■ Dataset excerpt:
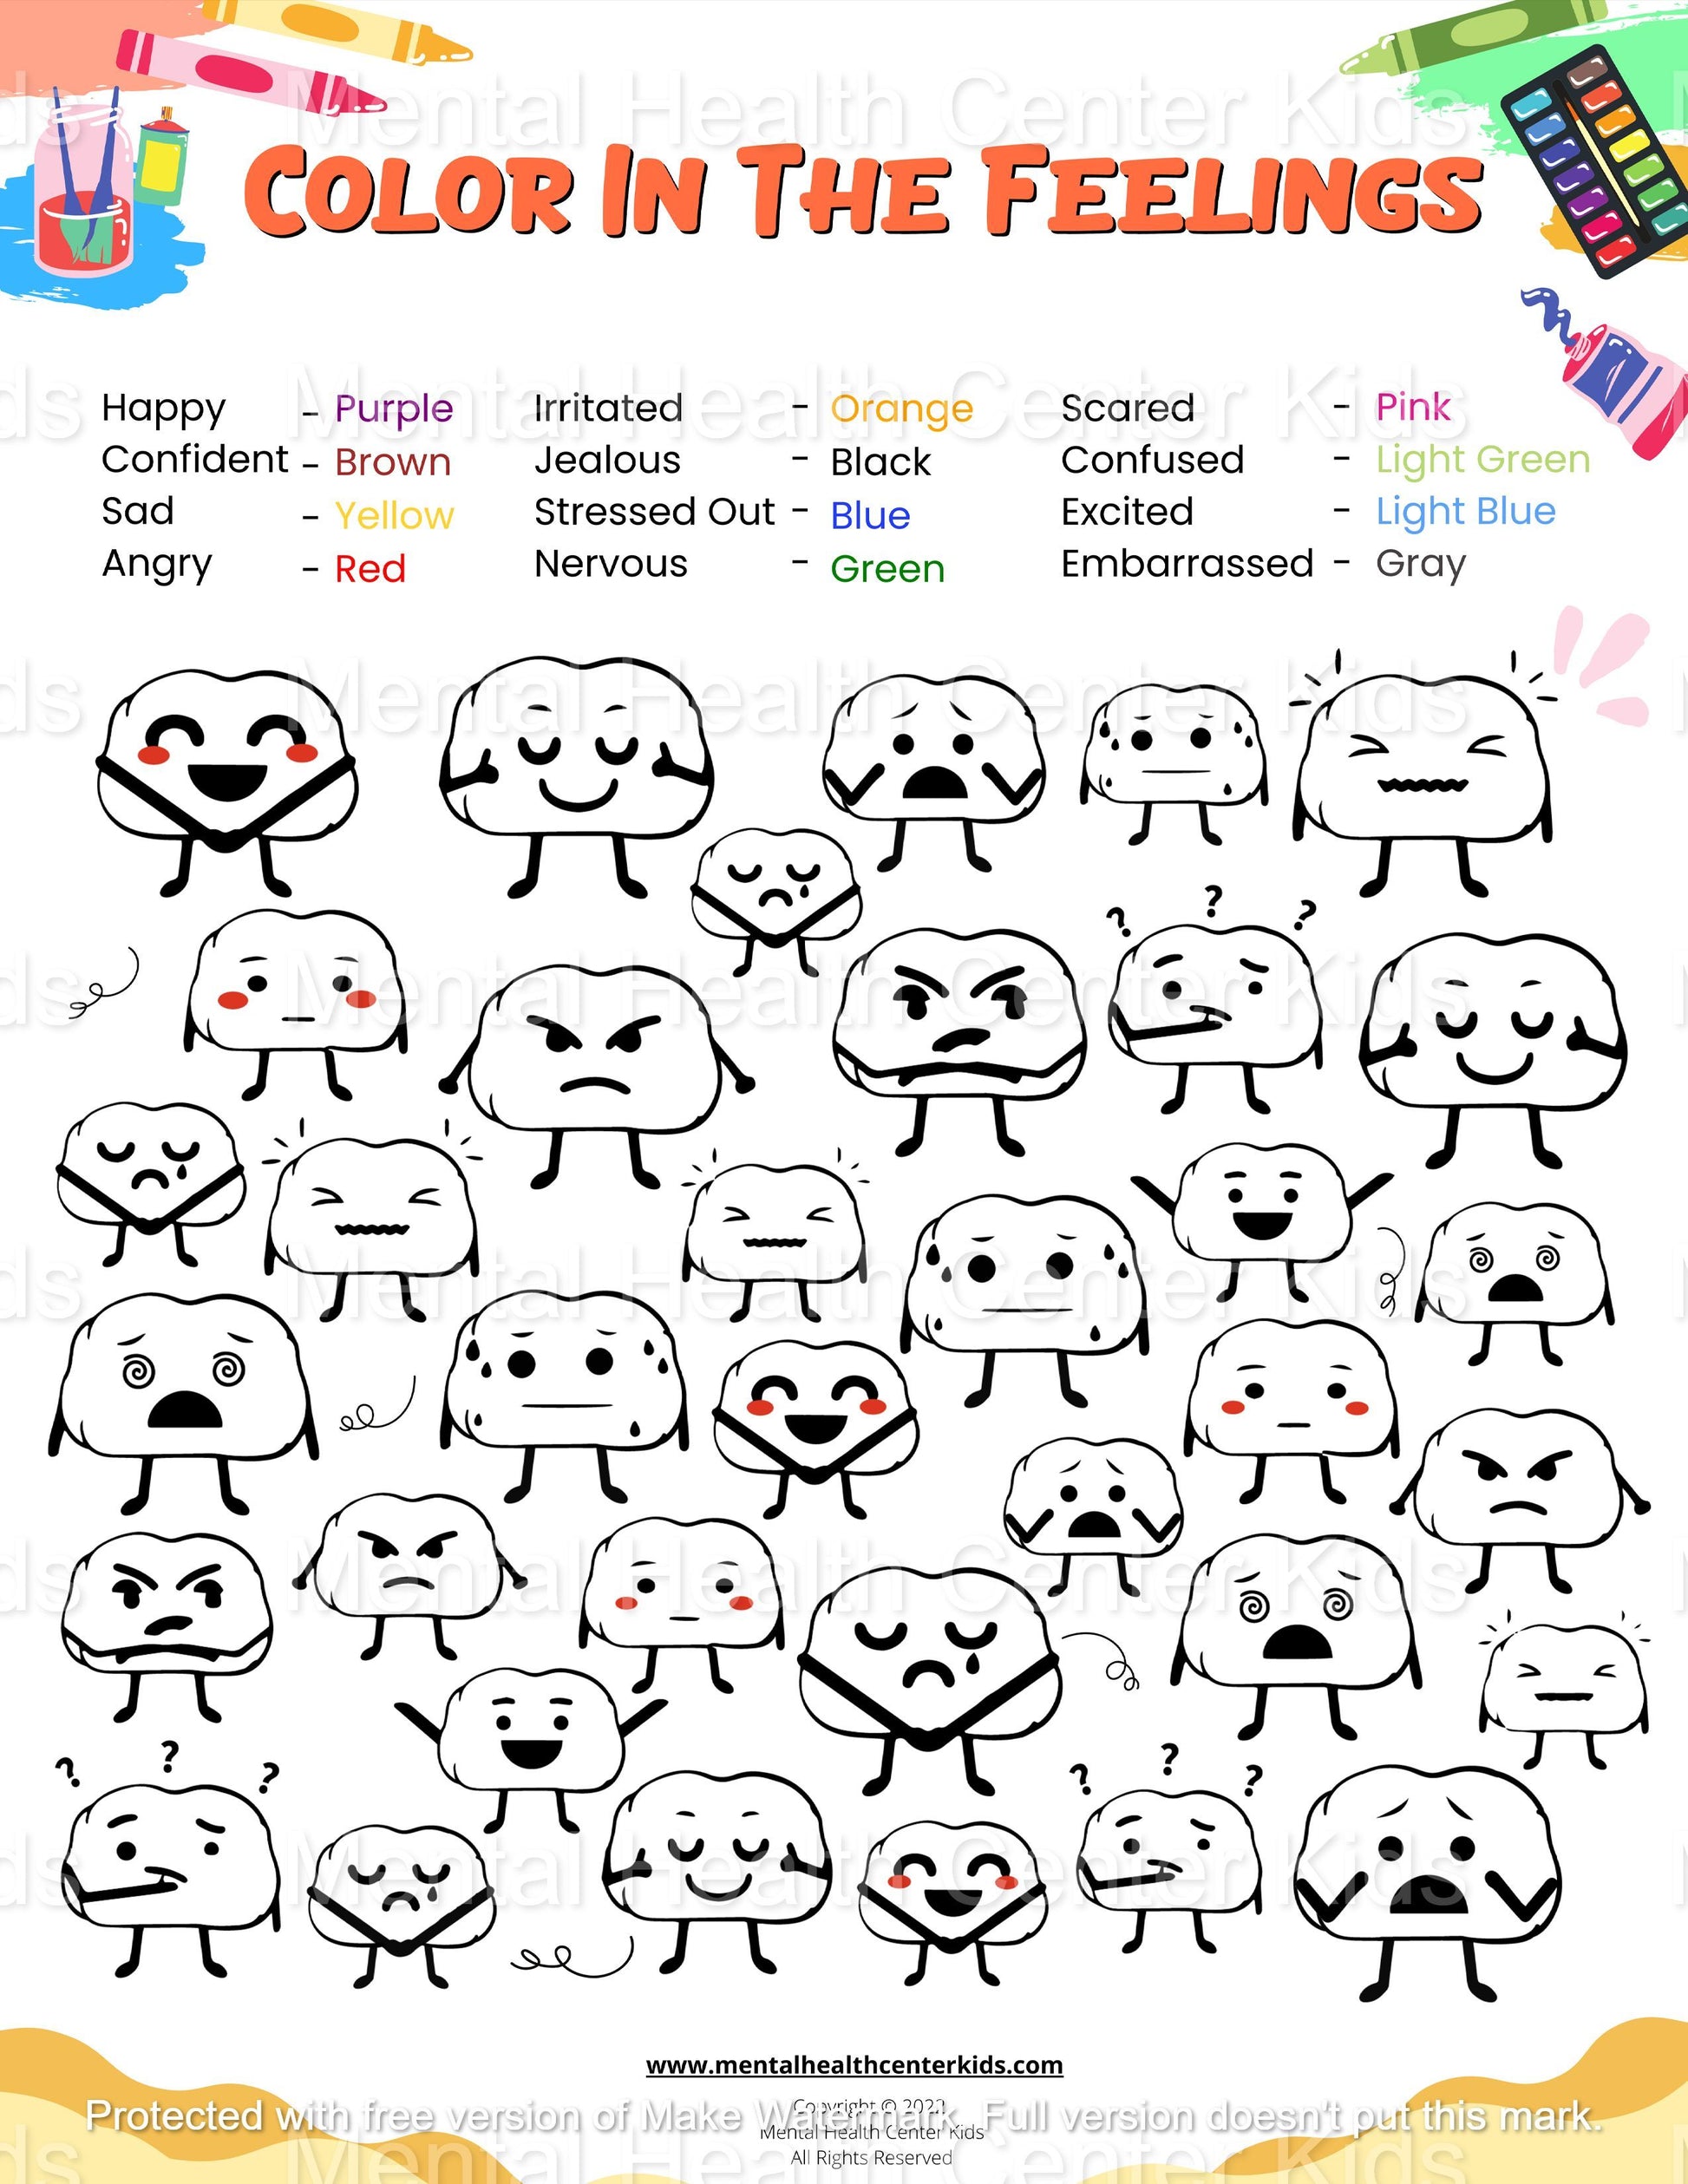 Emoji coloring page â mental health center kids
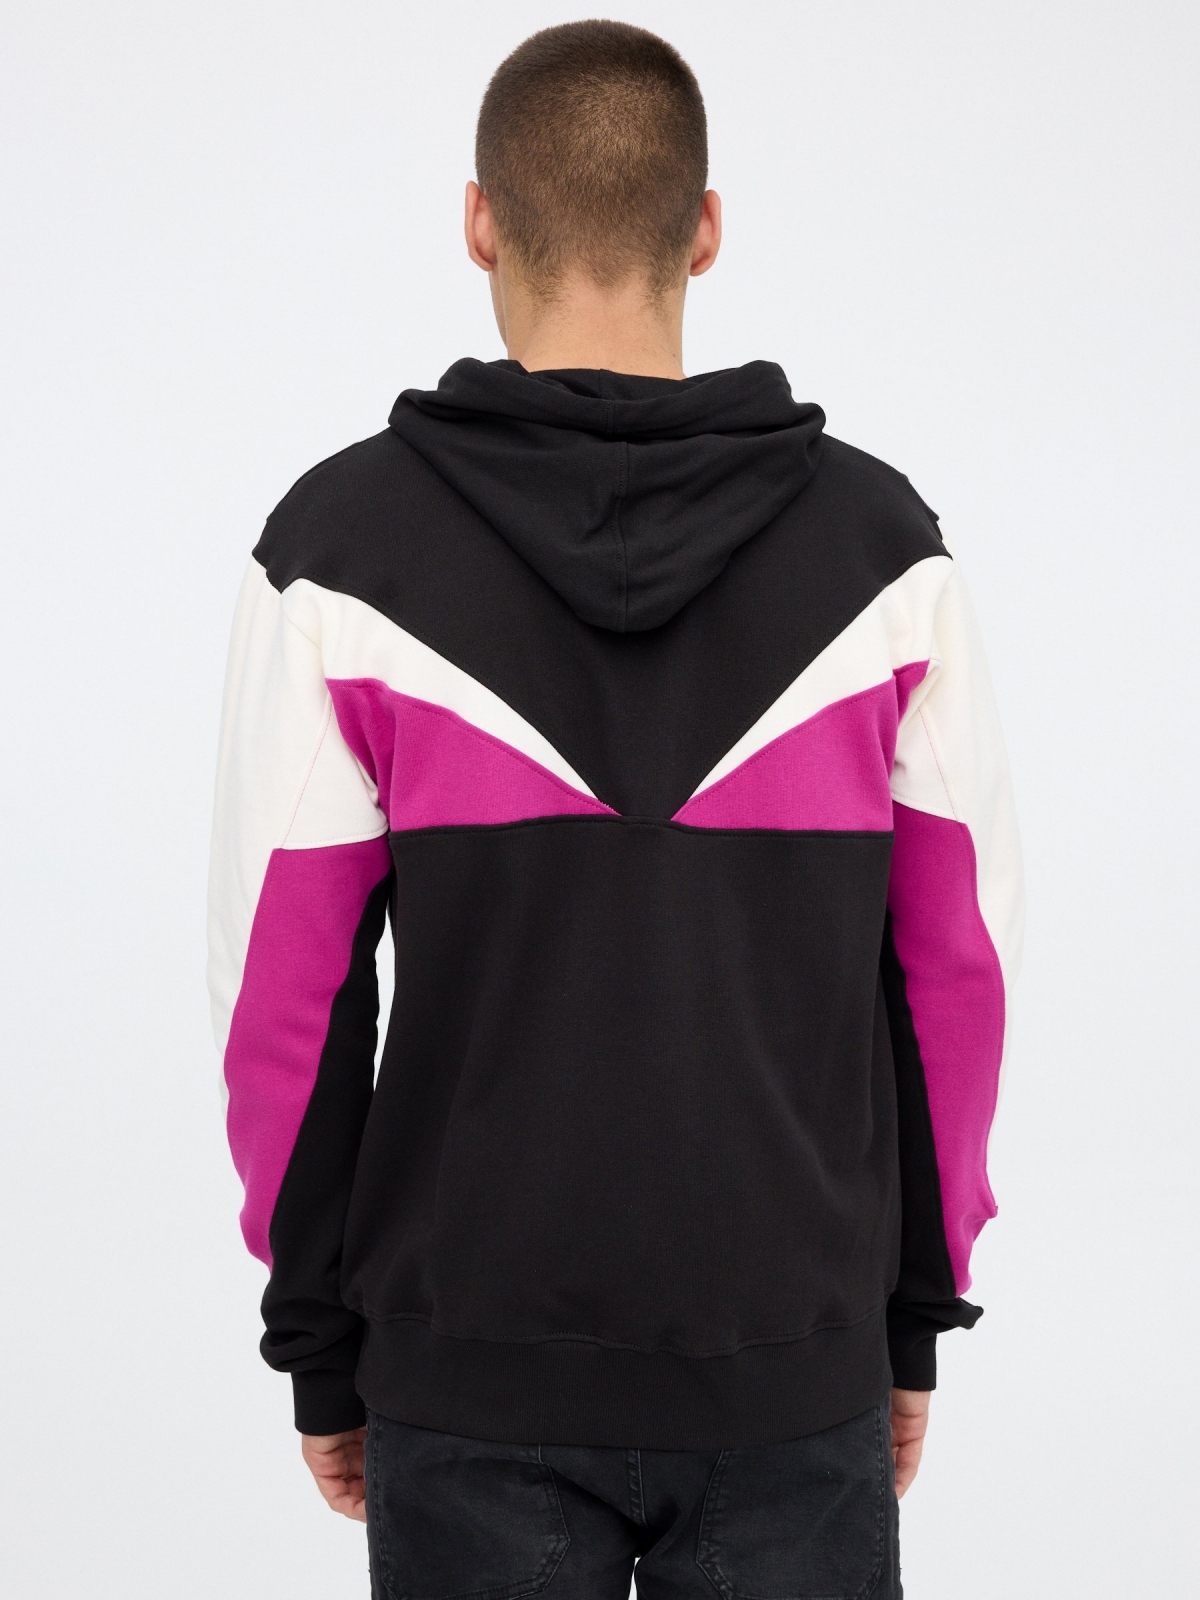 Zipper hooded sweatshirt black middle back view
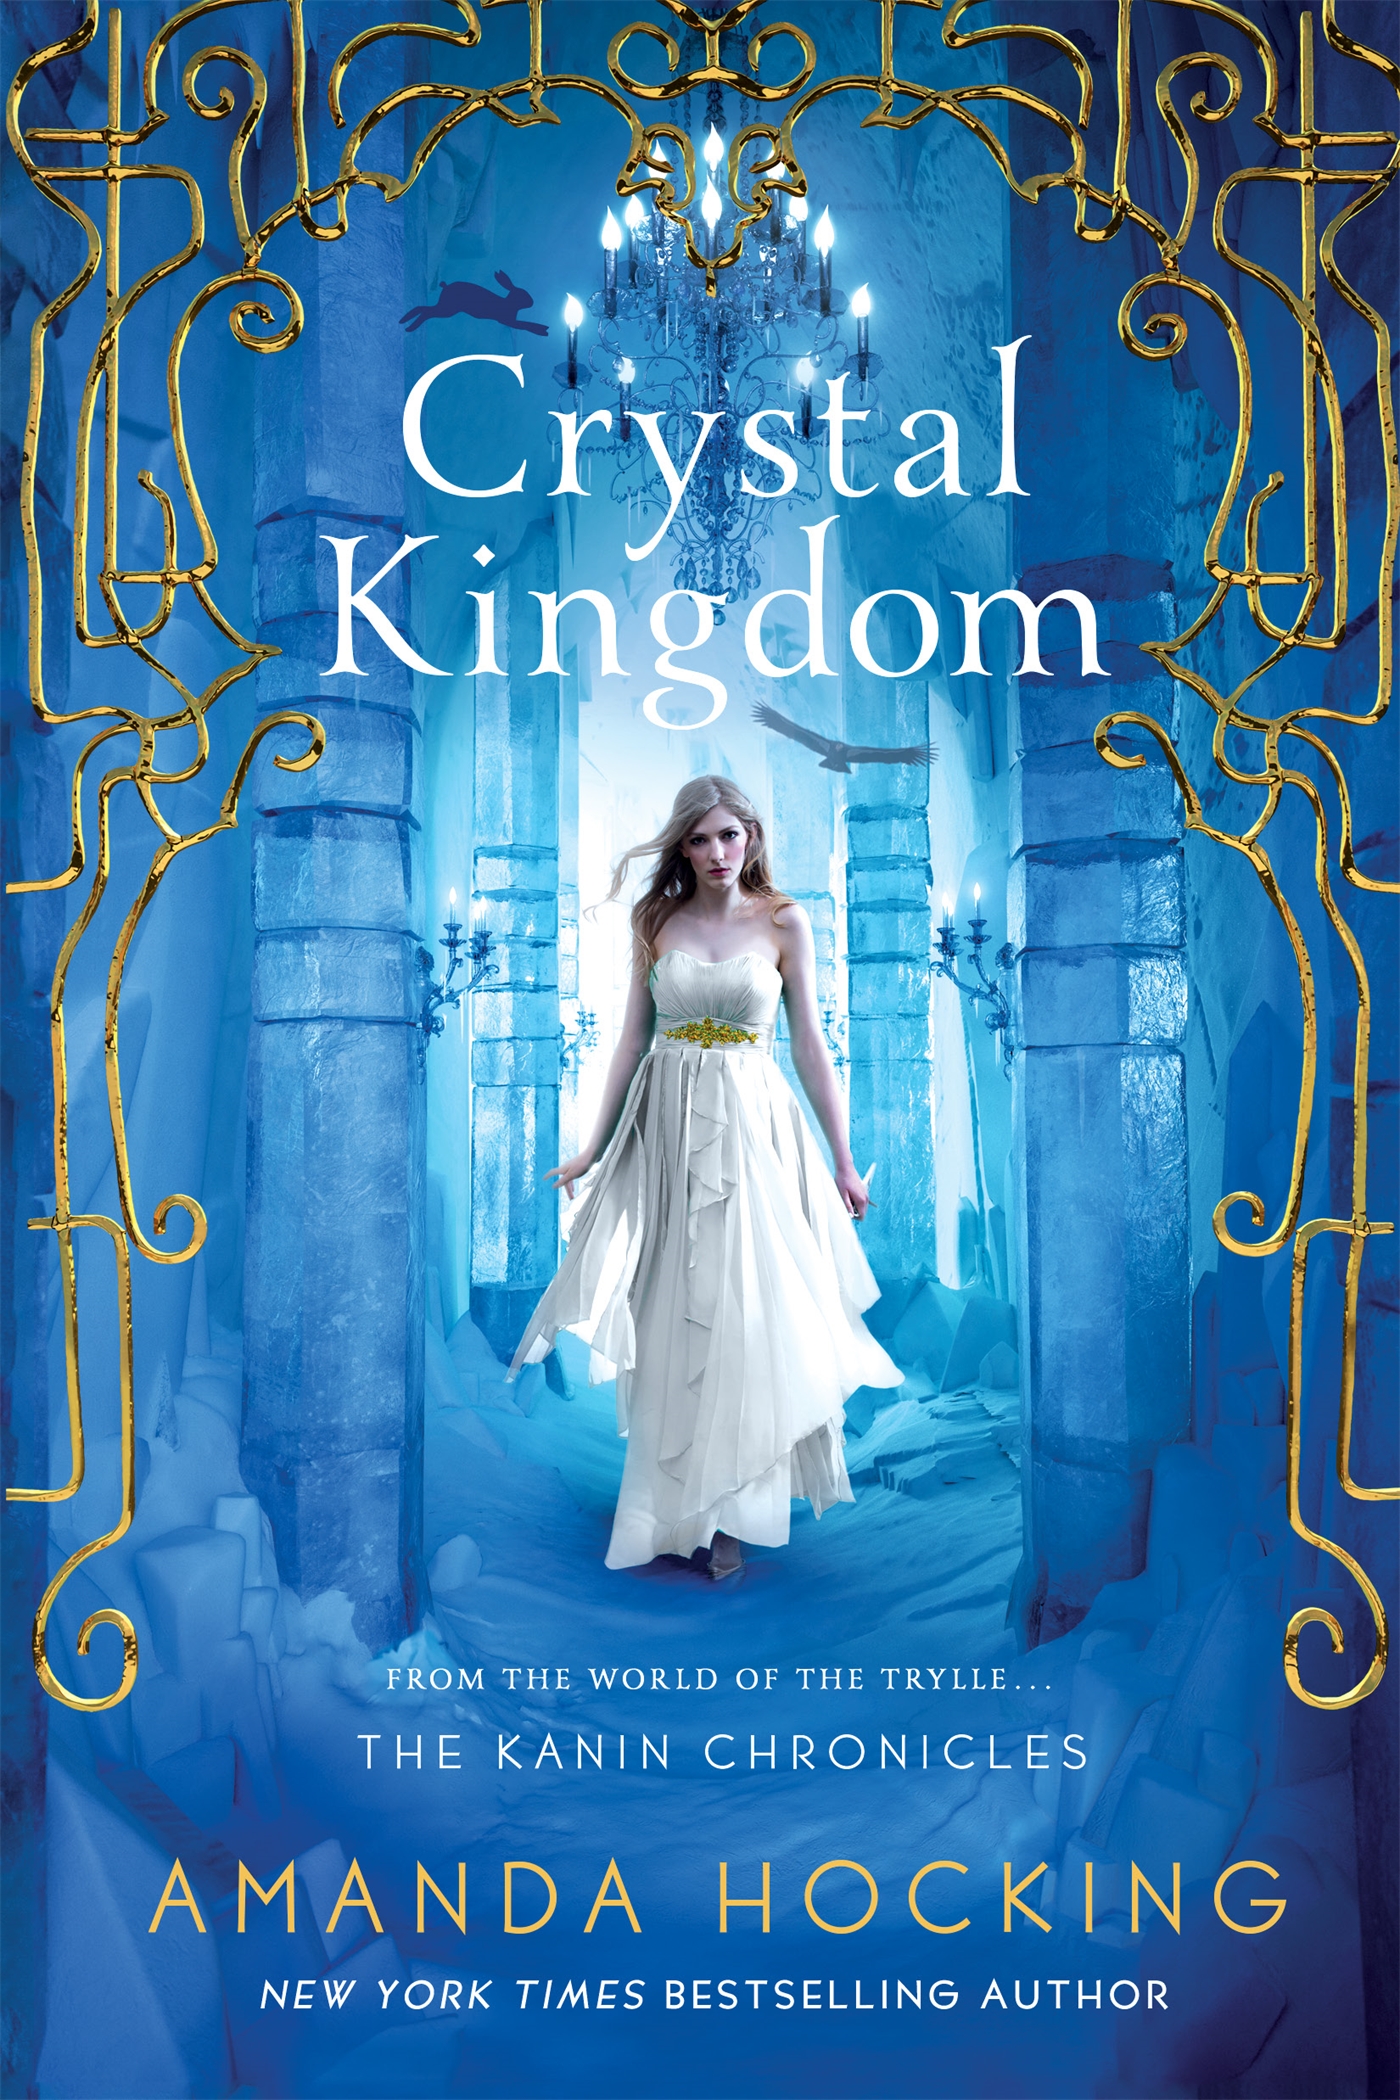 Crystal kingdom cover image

■ Description of the task: Transcribe the listing exactly, skipping pictures.

■ Exercise solution:
 Emoji coloring page â mental health center kids
 Zipper hooded sweatshirt black middle back view
 Crystal kingdom cover image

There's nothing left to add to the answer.